The requirement for an effective handling and management of heterogeneous and possibly confidential data continuously increases within multiple scientific domains.
PLANET (Pollution Lake ANalysis for Effective Therapy) is a INFN-funded research initiative aiming to implement an observational study to assess a possible statistical association between environmental pollution and Covid19 infection, symptoms and course. PLANET is built on a "data-centric" based approach that takes into account clinical components, environmental and pollution conditions, complementing primary data and many eventual confounding factors such as population density, commuter density, socio-economic metrics and more. Besides the scientific one, the main technical challenge of the project is about collecting, indexing, storing and managing many types of datasets while guaranteeing FAIRness as well as adherence to the prescribed regulatory frameworks, such as those granted by the General Data Protection Regulation, GDPR.

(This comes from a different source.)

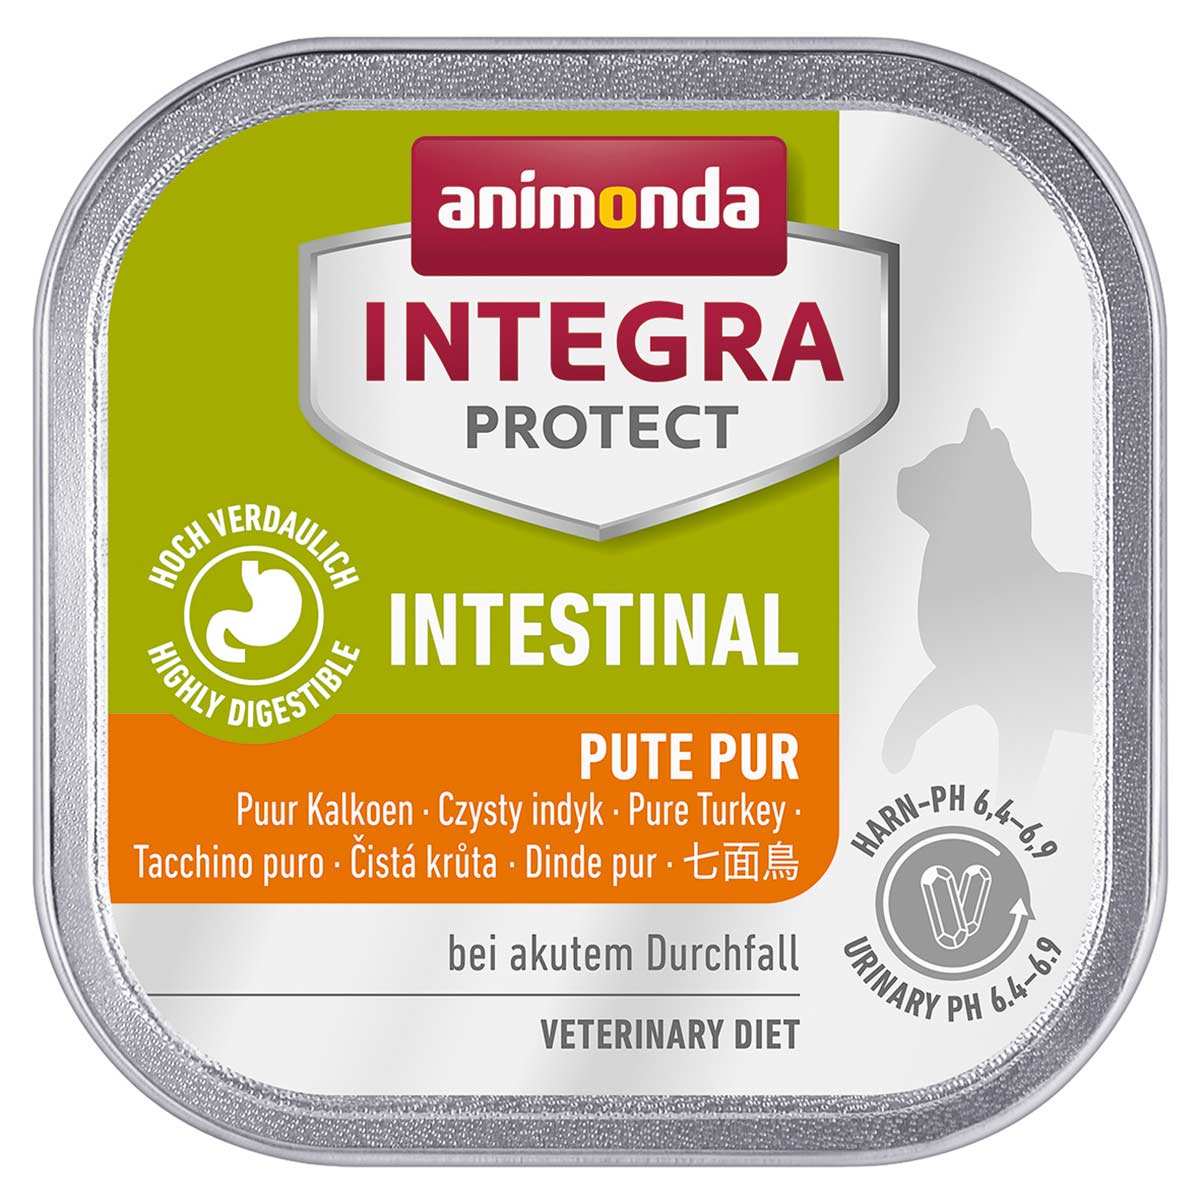 animonda INTEGRA PROTECT Intestinal Pute pur 16x100g von animonda Integra Protect

In this contribution we describe the developed open-source DataLake platform, detailing its key features: the event-based storage system provided by MinIO, which allows automatic metadata processing; the data-ingestion pipeline implemented via Argo Workflows; the GraphQL interface to query object metadata; finally, the seamless integration of the platform within a compute multi-user environment, showing how all these frameworks are integrated in the Enhanced PrIvacy and Compliance (EPIC) Cloud partition of the INFN Cloud federation.